### ACTIVITY:
Excluding pictures, retype the line with "Leftover Turkey Recipes 2019" and each line that follows it to the end of the data below, word for word.

------ RECORDED INFORMATION ------

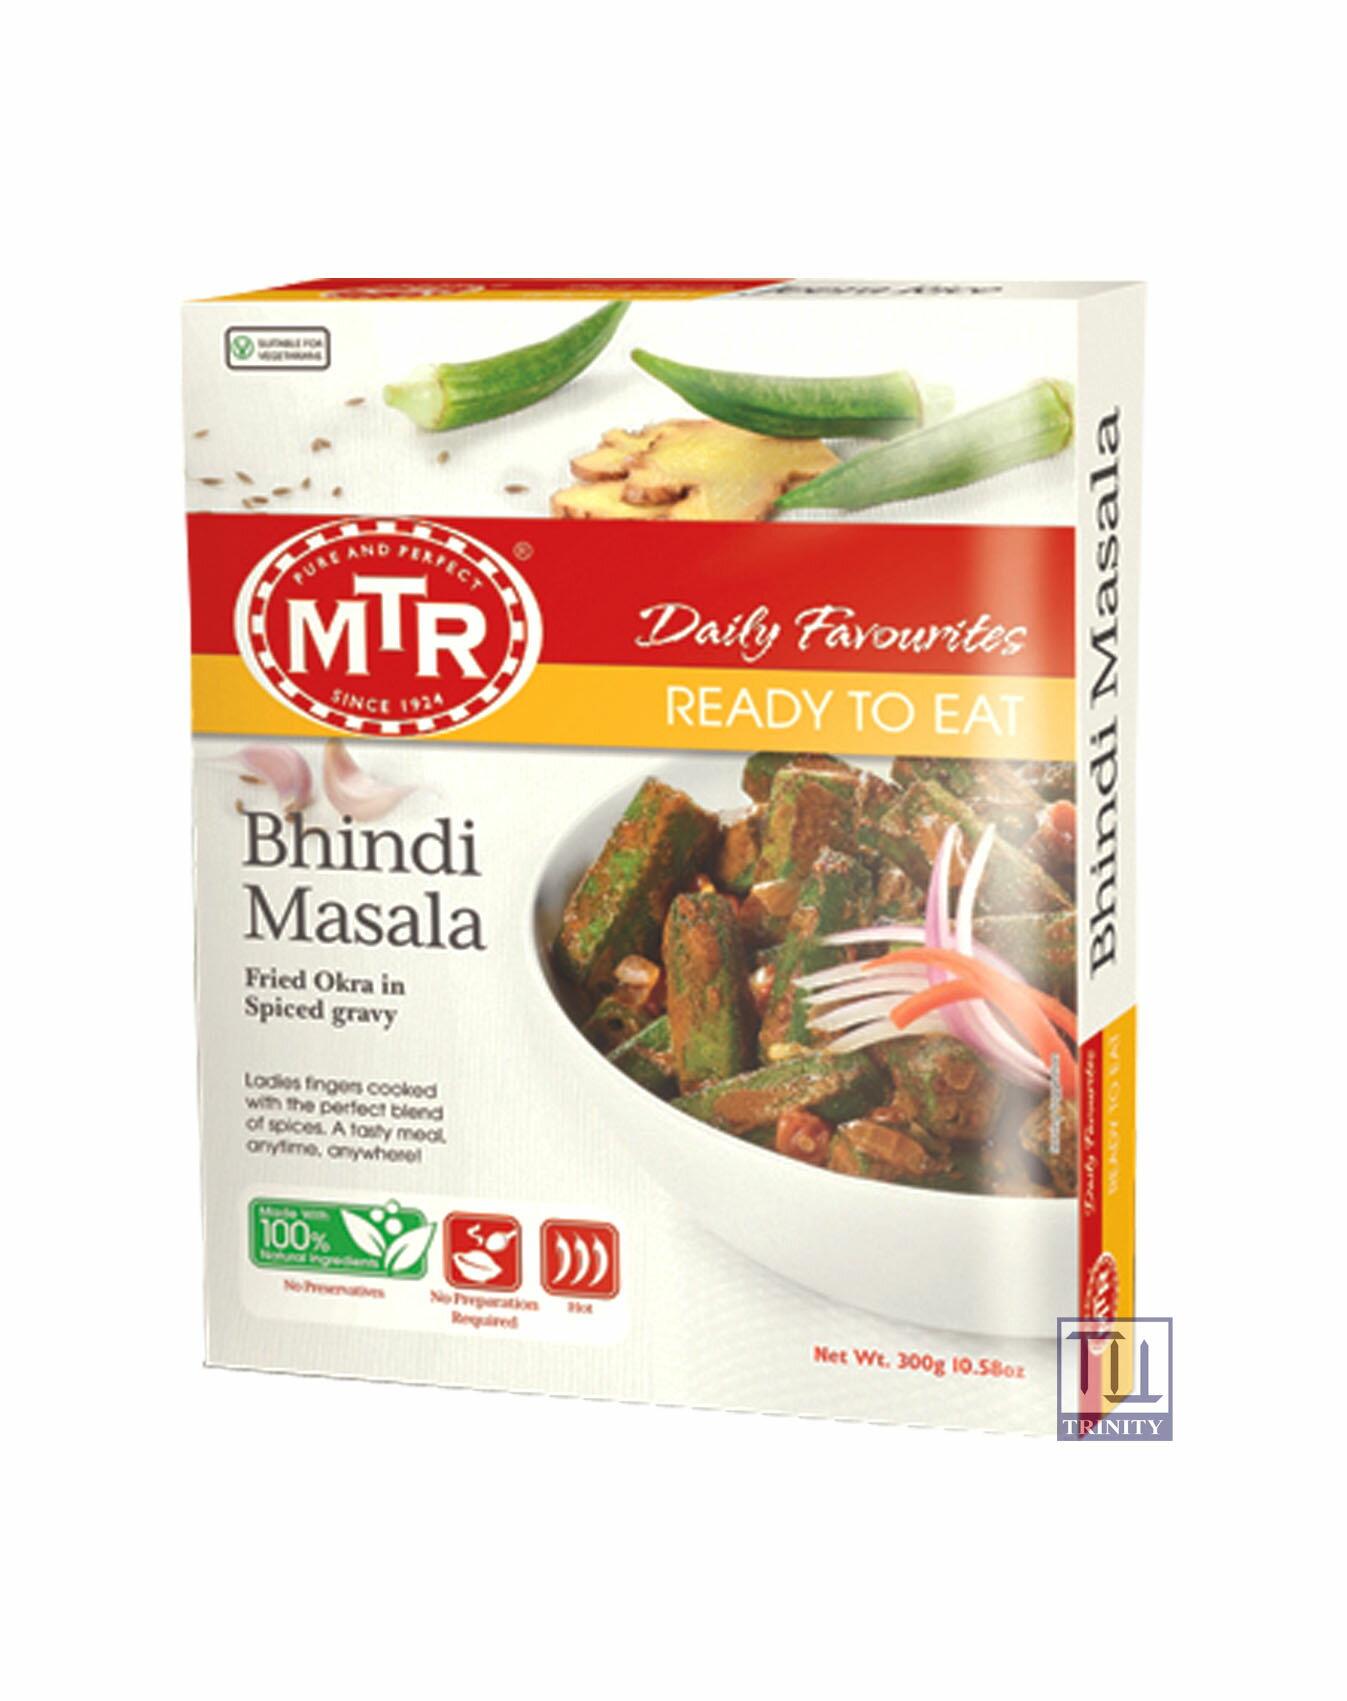 Mtr Bhindi Masala 印度秋葵咖哩即食調理包
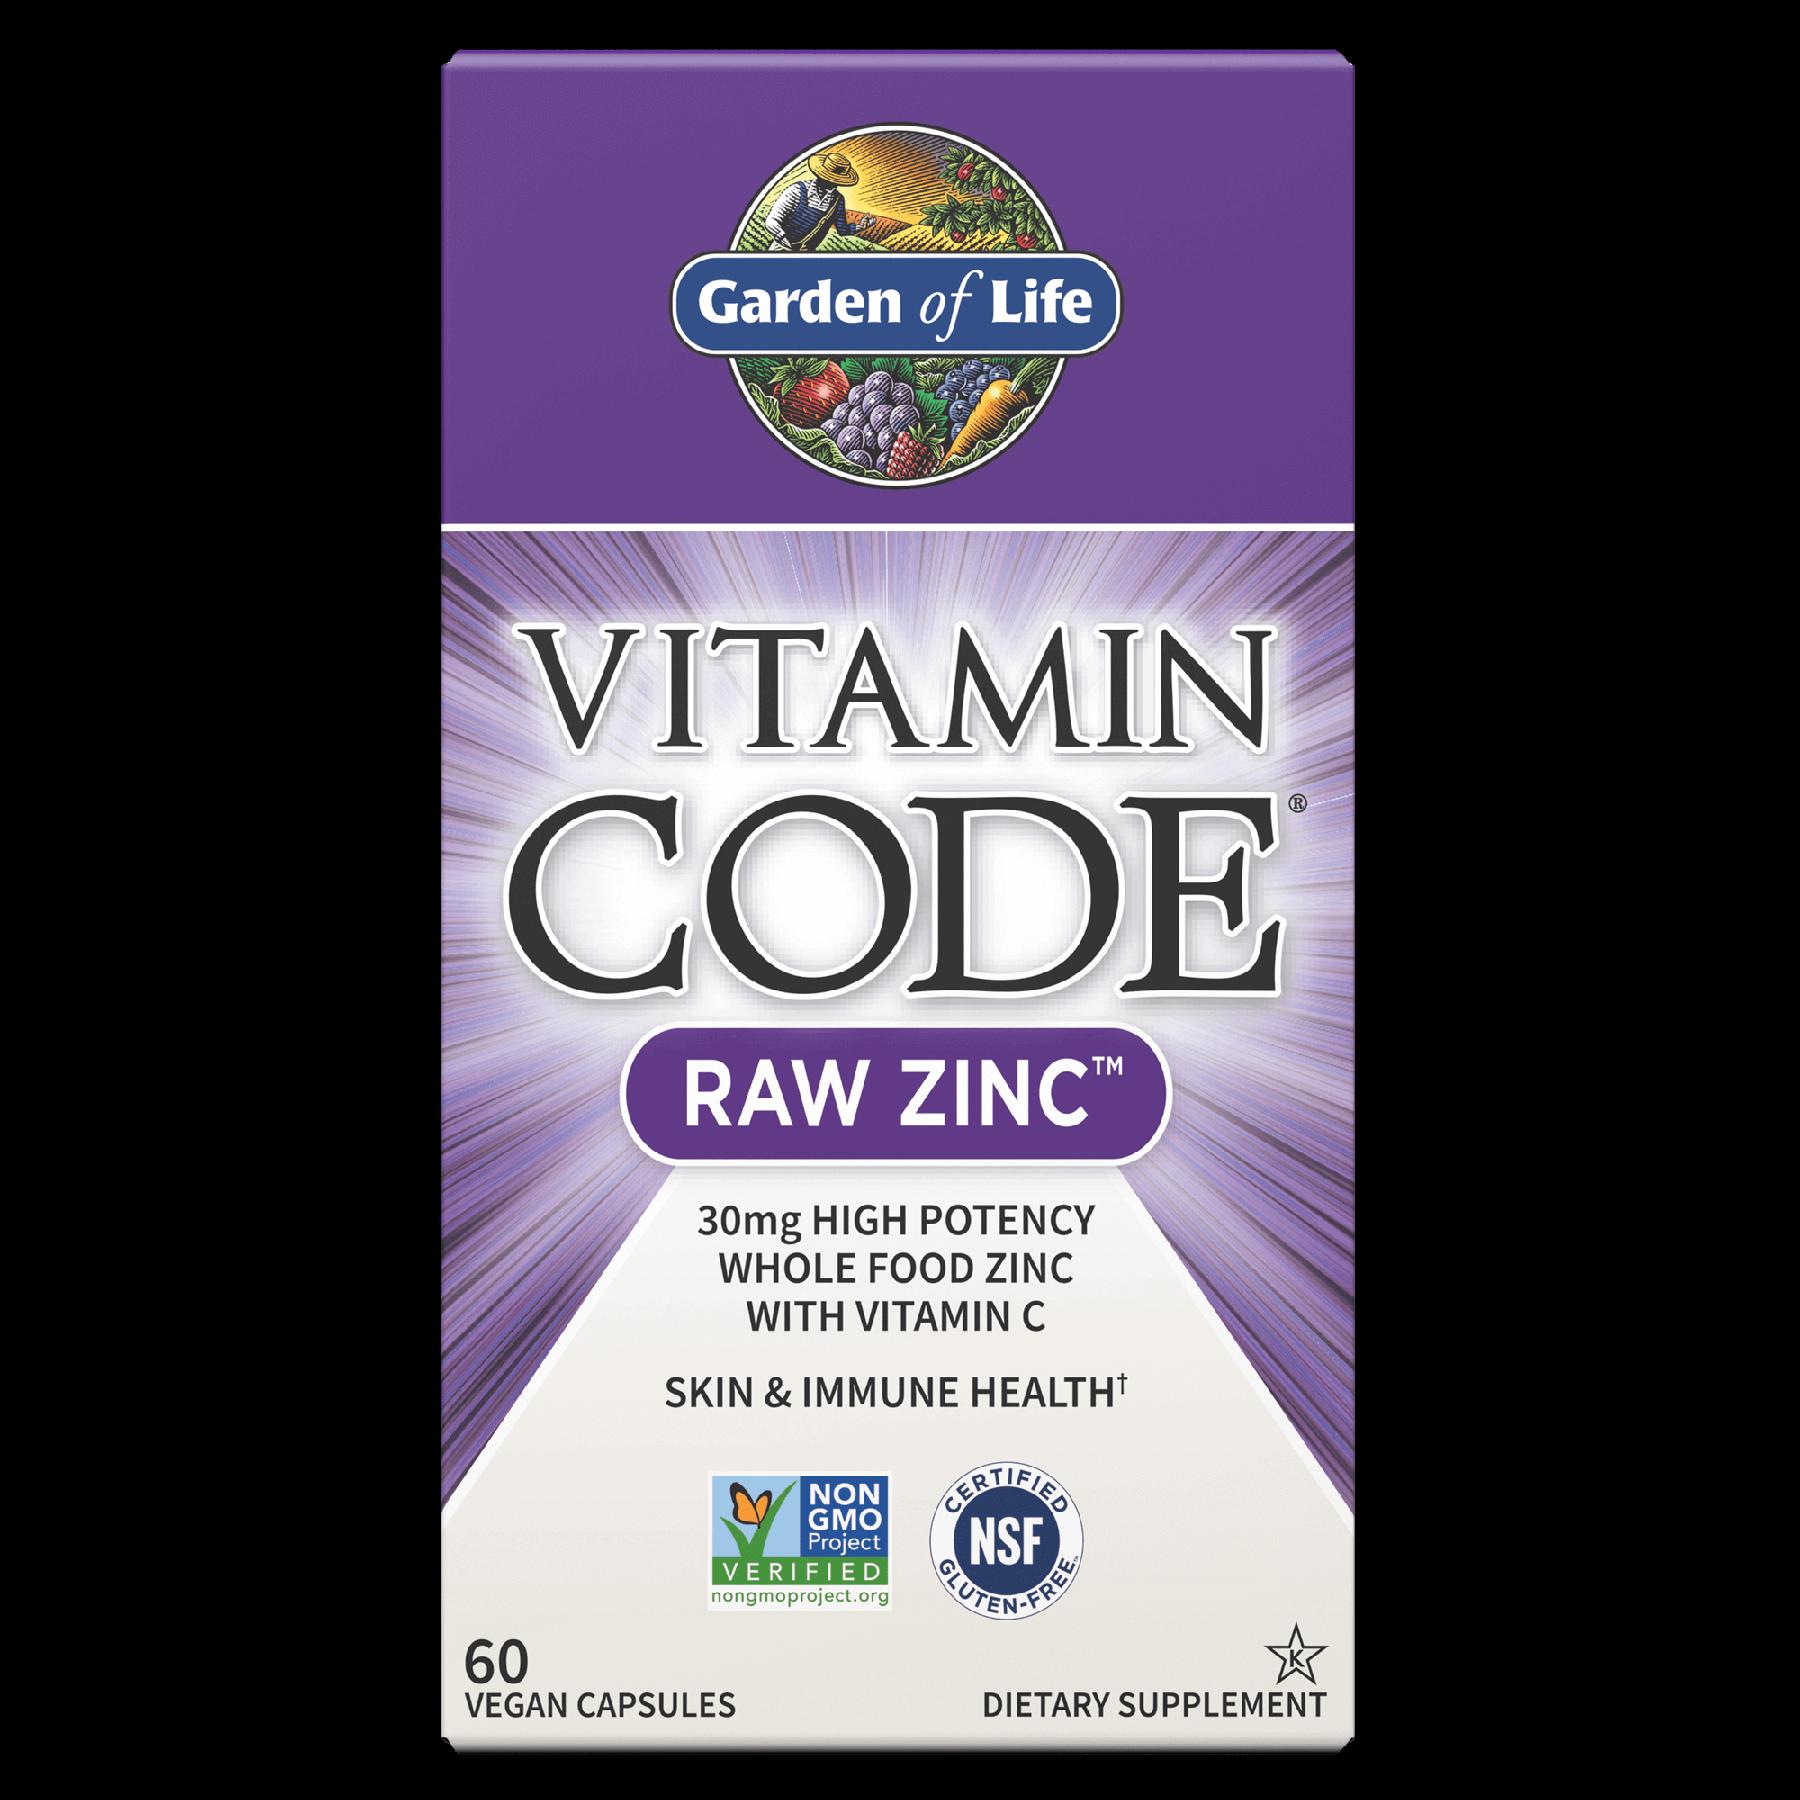 Vitamin Code Raw Zinc 60 Vegan Capsules
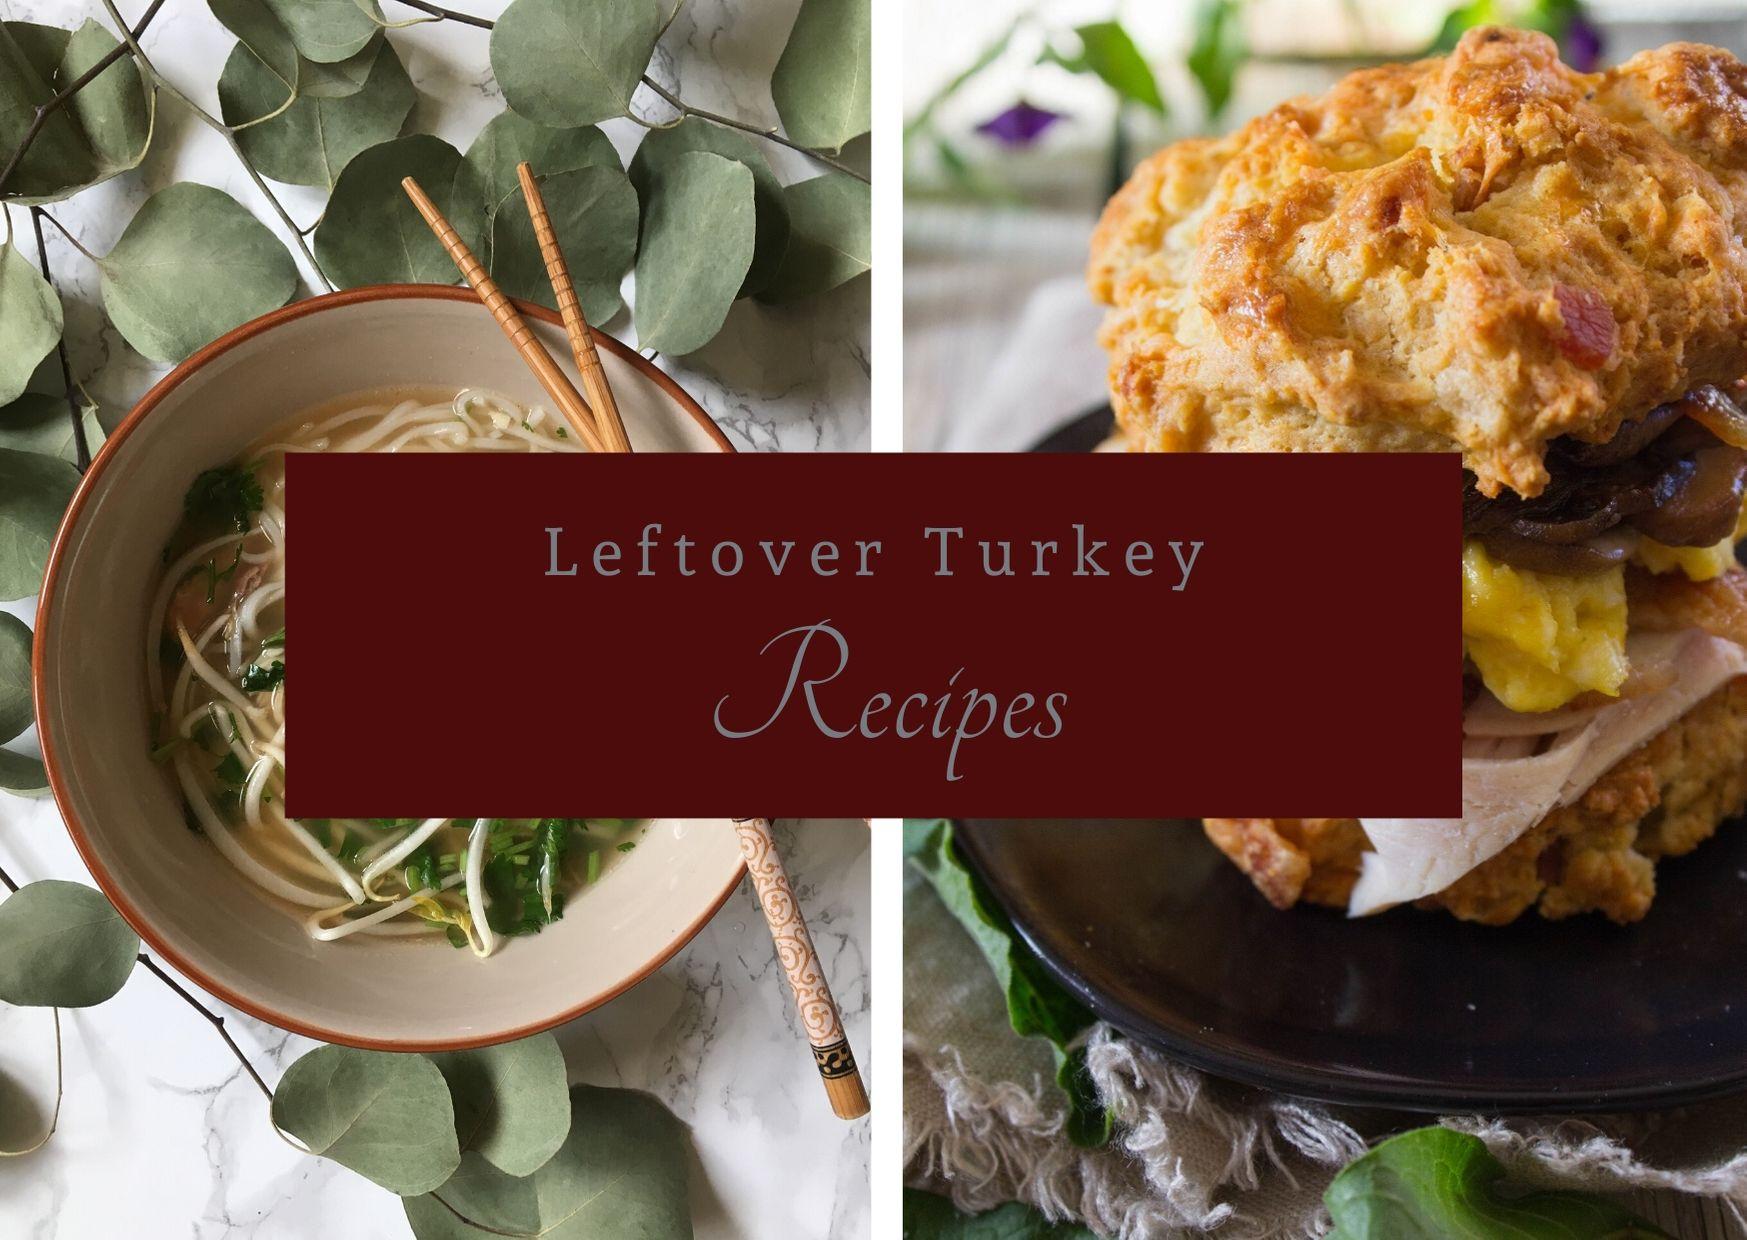 Leftover Turkey Recipes 2019
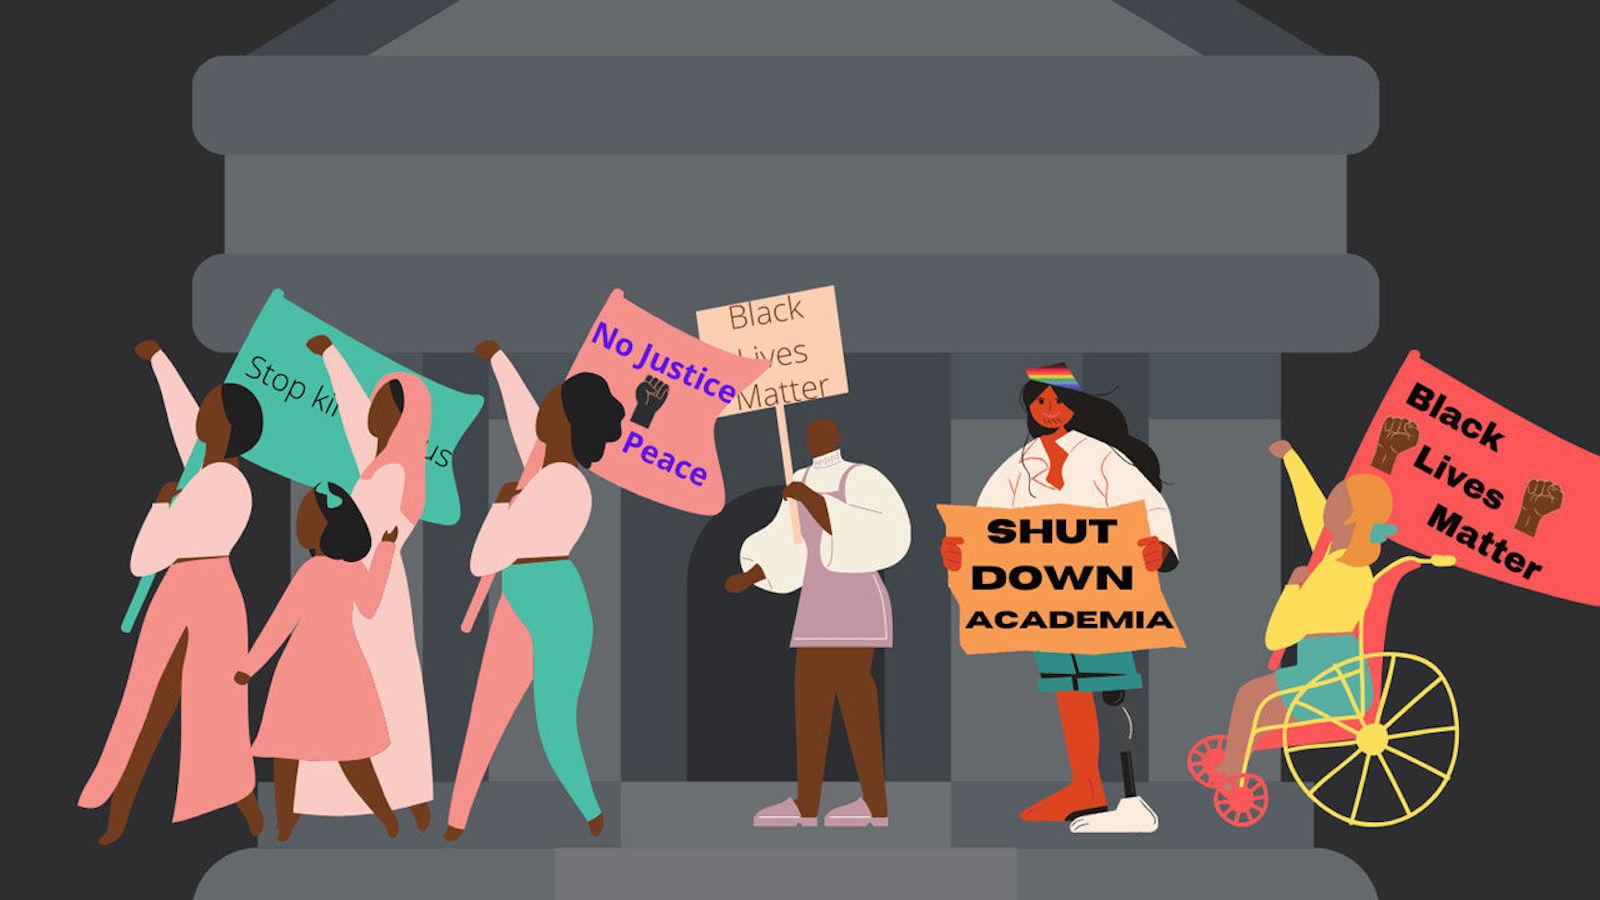 #ShutDownAcademia Graphic

------

### ANSWER FOR THIS EXERCISE:
 Leftover Turkey Recipes 2019
 #ShutDownAcademia Graphic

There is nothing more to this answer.